Author SHA1 Message Date
Sean Whalen aabcfb4298 Store numbers as number_value; fix conditional guards to != ""
Two corrections confirmed against Google's official content-hub parsers
(content/parsers/third_party/community/*/cbn):

1. Numbers as numbers. count, source_asn, successful_session_count and
   failed_session_count were being stored in additional.fields as string_value.
   Store them as number_value instead (build string -> convert to uinteger ->
   rename to number_value, the content-hub idiom), so SecOps can range-query and
   sort them, per parsedmarc's "store numbers as numbers" rule. Booleans stay
   string_value (content-hub never uses bool_value) and are still converted in
   step 1b for the == "true"/"false" comparisons.

2. Conditional guards. Replaced bare `if [field] {` with `if [field] != "" {`
   (76 guards + the detection cascade + policy_override). After 1a initializes
   every tested field to "", a bare `if` is true for an empty field (Logstash/CBN
   semantics), which would misfire detection and emit empty labels. content-hub
   uses `!= ""` ~111x vs 2 bare (both flags); parser flags (no_json_payload,
   not_json, *_nan) correctly stay bare.

Verified: braces balance, no stray bare field-guards, all if-tested fields
initialized, all four numeric fields emit number_value.

Co-Authored-By: Claude Opus 4.8 (1M context) <noreply@anthropic.com>
2026-06-04 12:08:10 -04:00
Sean Whalen 05c9177d73 Cite the official Chronicle content-hub parser repo
Add github.com/chronicle/content-hub (Google's official third-party SecOps
parser repo) to the README references and re-anchor the in-code citations to
it. Its current CBN parsers (e.g. CLOUDFLARE_PAGESHIELD, Copyright 2025 Google
SecOps) confirm both fixes this parser makes: initialize every field before the
json{} filter, and convert JSON booleans/numbers to strings before comparison.
Replaces the dated "How to parse JSON data" citation with the authoritative,
actively-maintained source.

Co-Authored-By: Claude Opus 4.8 (1M context) <noreply@anthropic.com>
2026-06-04 11:27:38 -04:00
Sean Whalen 88034c7192 Define CBN up front for new SecOps users
Add a short, skippable callout explaining what a parser / configuration-based
normalizer (CBN) is and how it fits the SecOps ingest flow (log type → parser →
UDM event), so the README serves newcomers without slowing experienced users.

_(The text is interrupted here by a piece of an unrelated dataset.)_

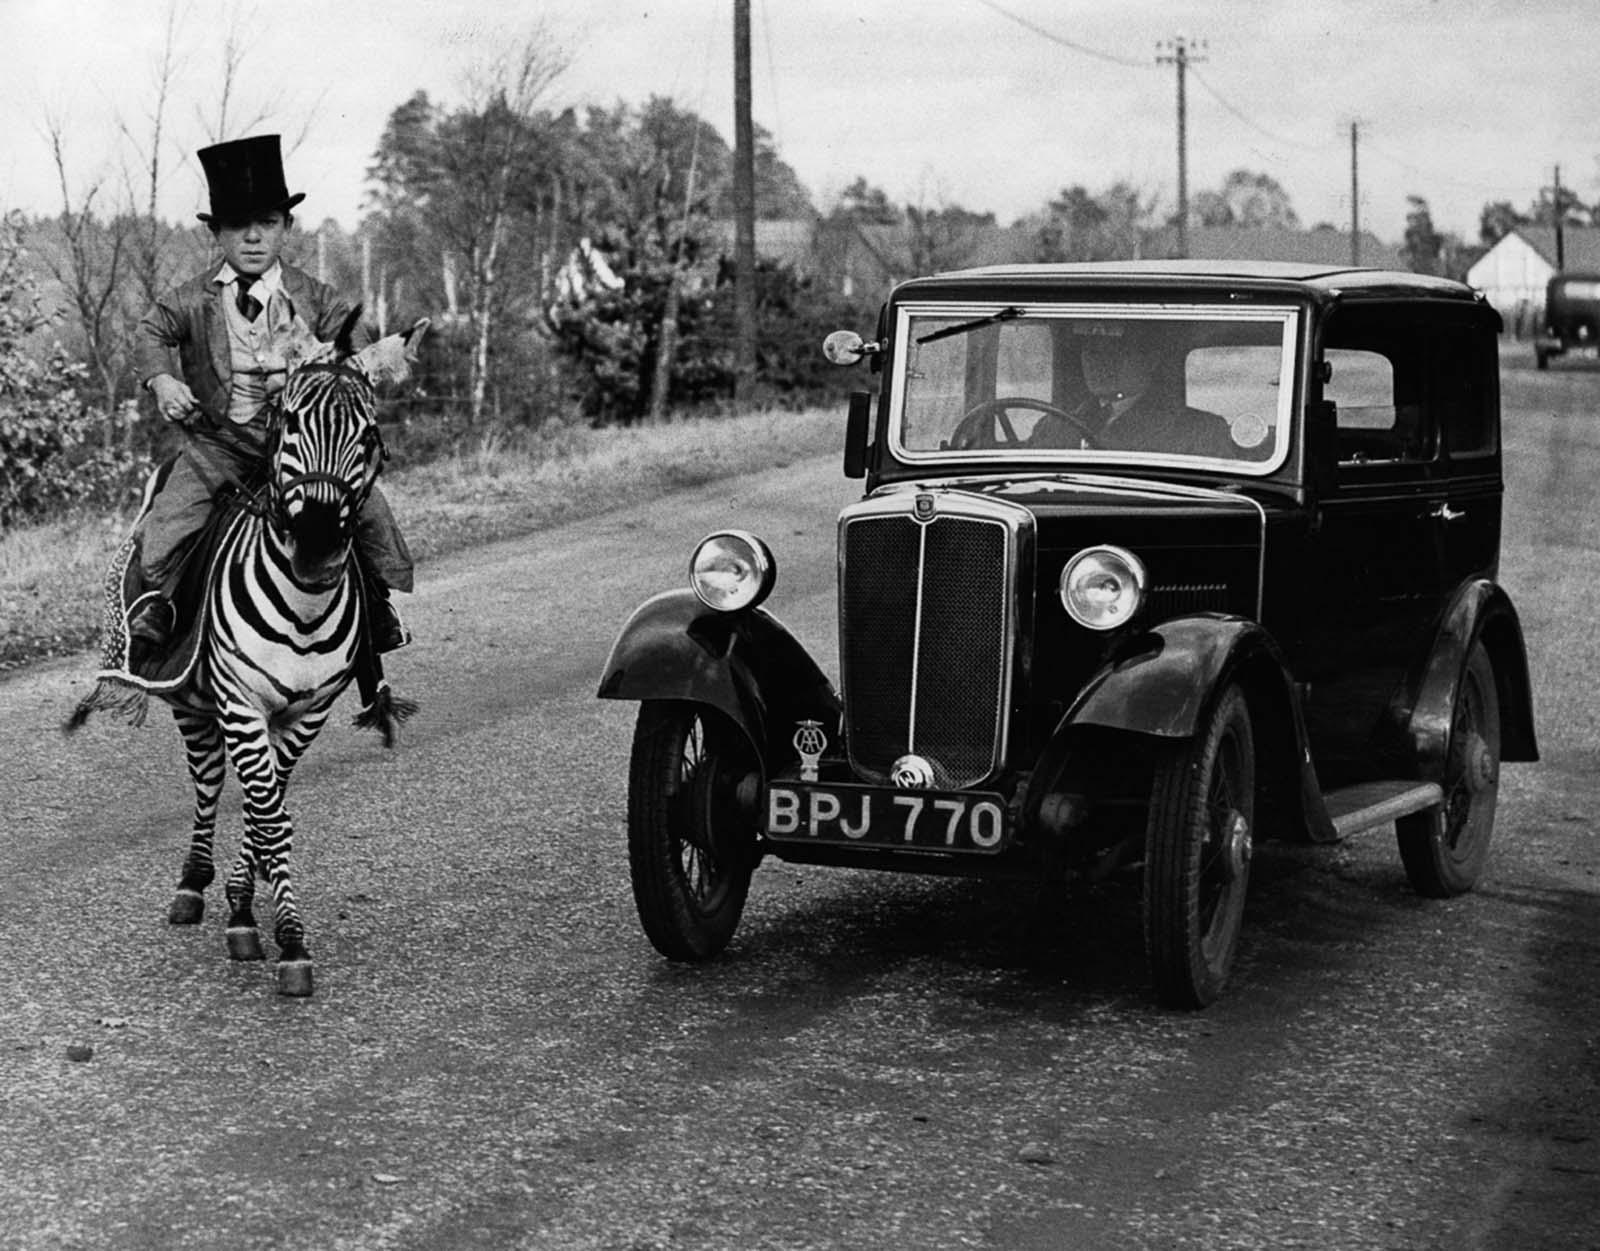 riding zebras photographs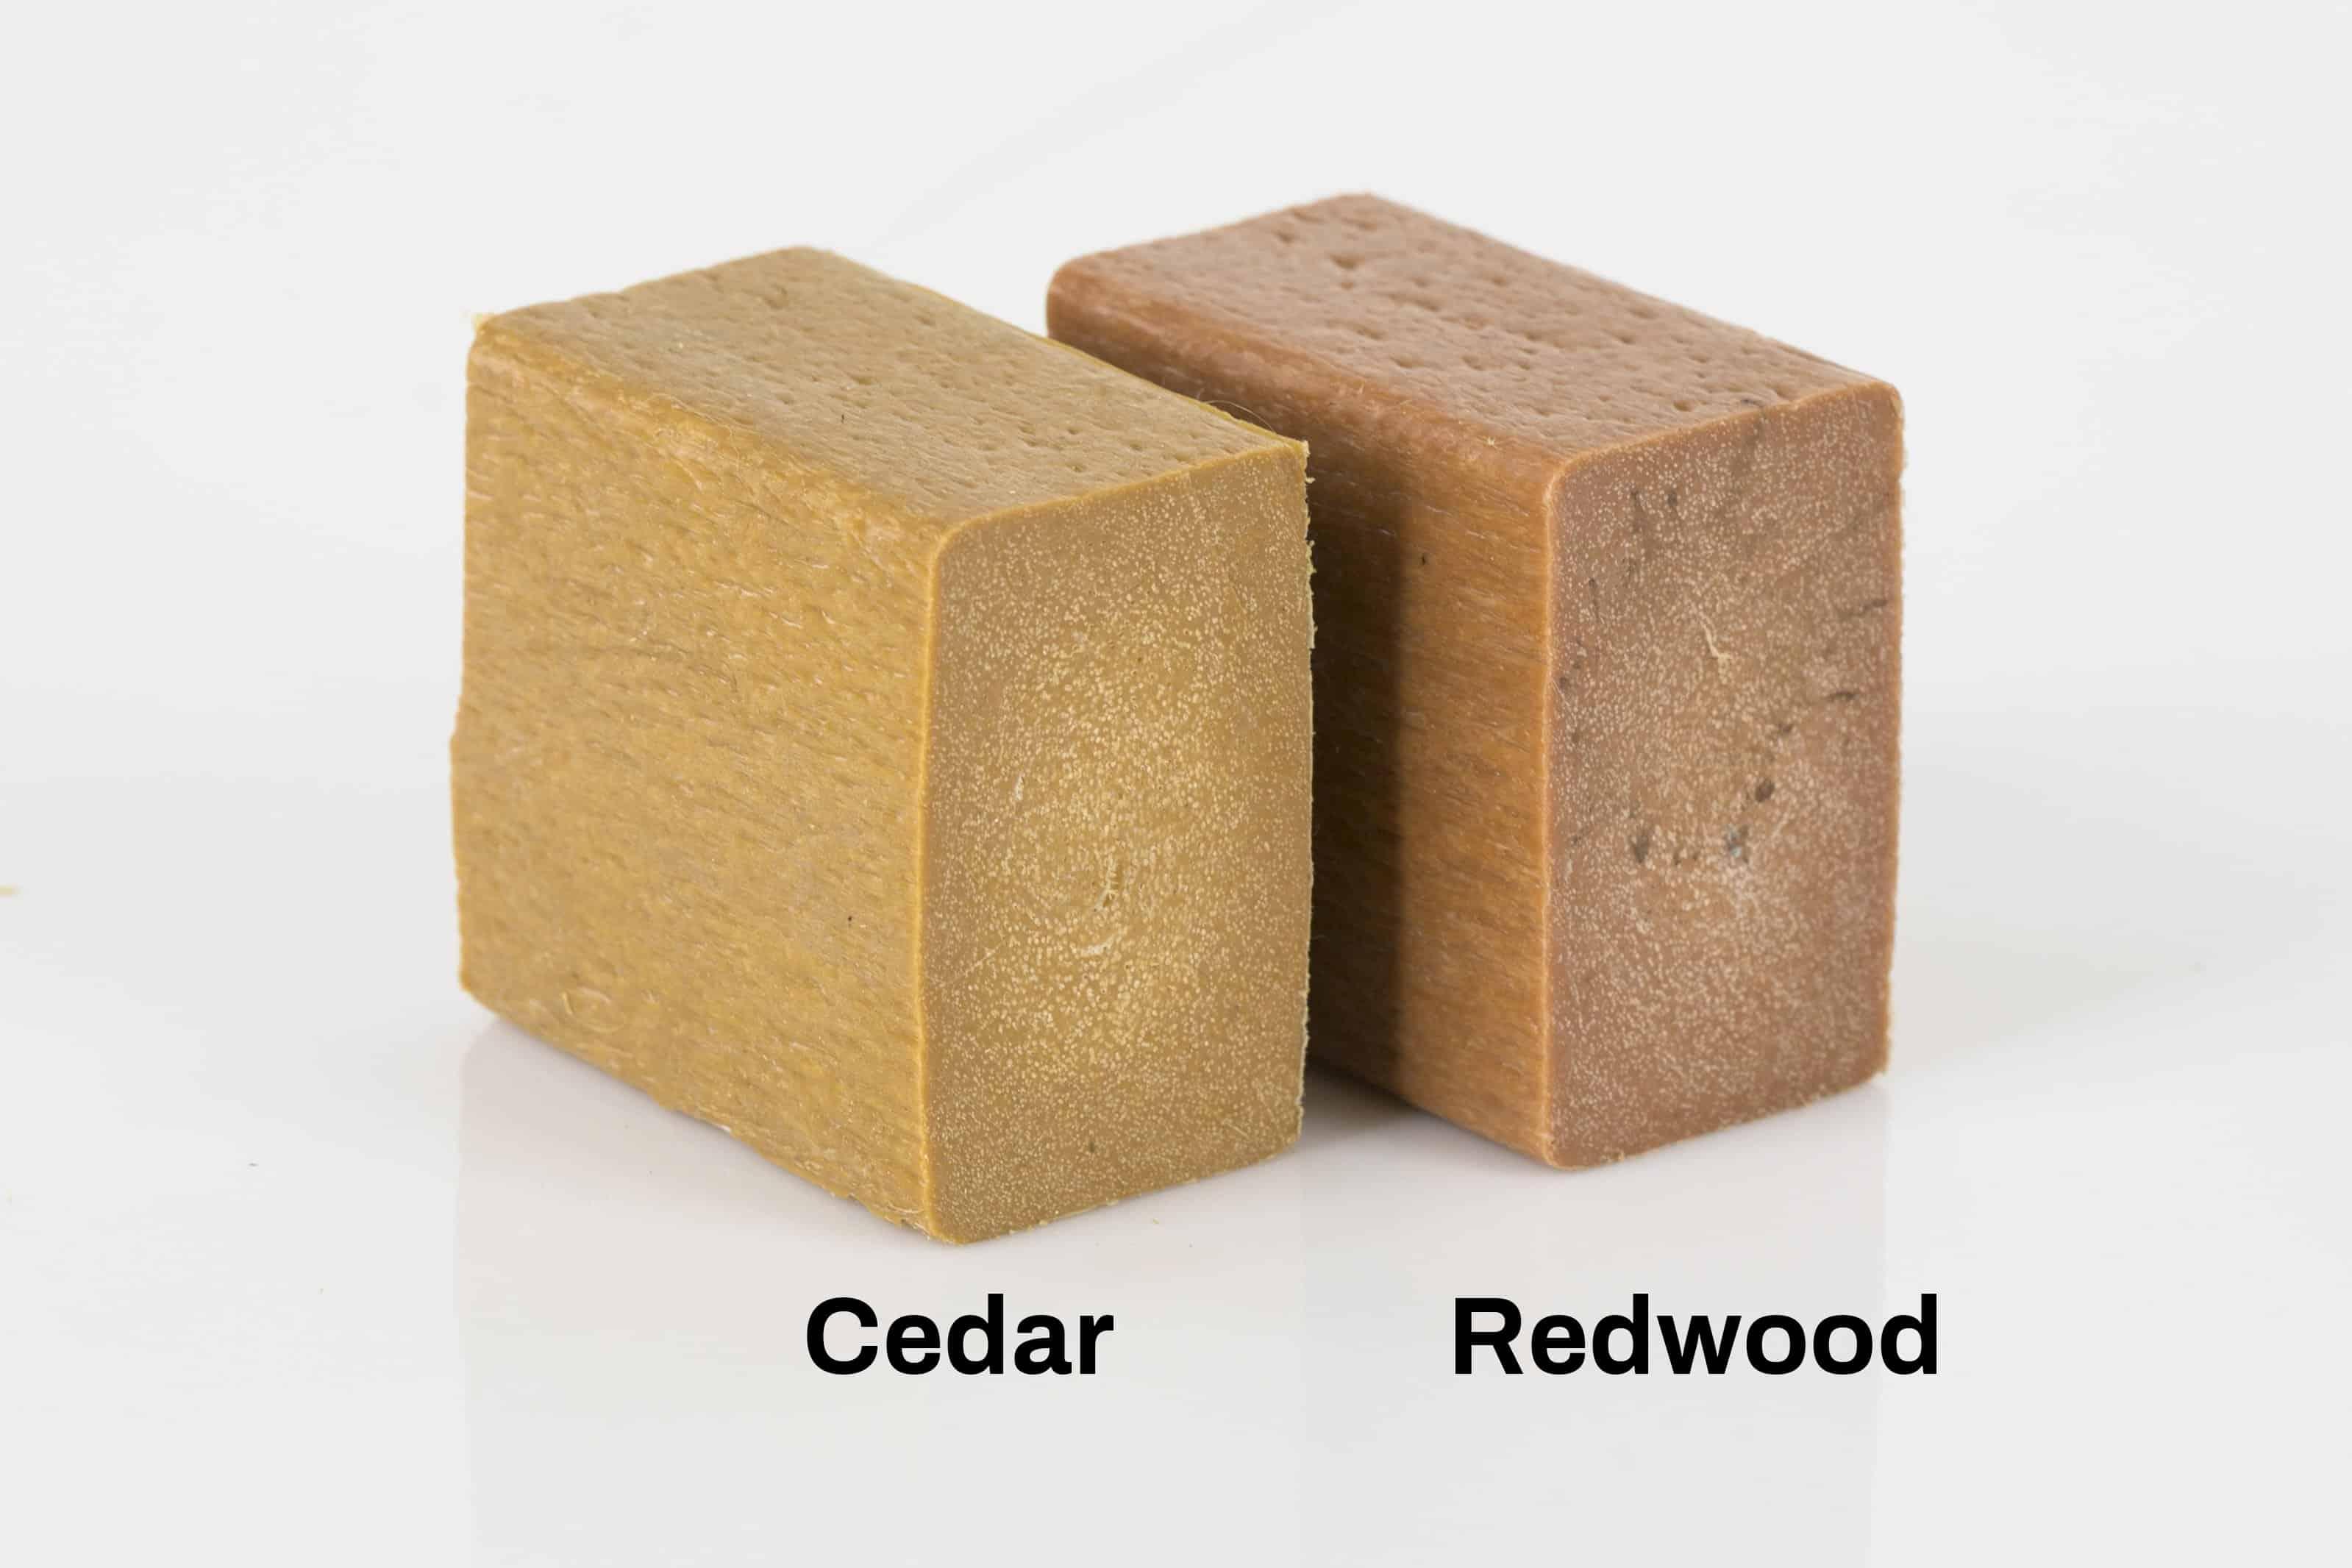 Magnificent Cast Aluminum Woodland Park Bench With Back White Oak Slats Beatyapartments Chair Design Images Beatyapartmentscom

Co-Authored-By: Claude Opus 4.8 (1M context) <noreply@anthropic.com>
2026-06-04 11:13:03 -04:00
Sean Whalen 1c234de9ff Expand README references with the sources used
Add the remaining official Google docs the parser is built on (parser tips
& troubleshooting, manage parsers, UDM search, Bindplane install) and a
clearly-separated "Additional sources and tooling" section for the community
resources that drove the JSON type-handling and field-init fixes
(thatsiemguy's Parsing 101, the Corelight production parser, chronicle/cbn-tool).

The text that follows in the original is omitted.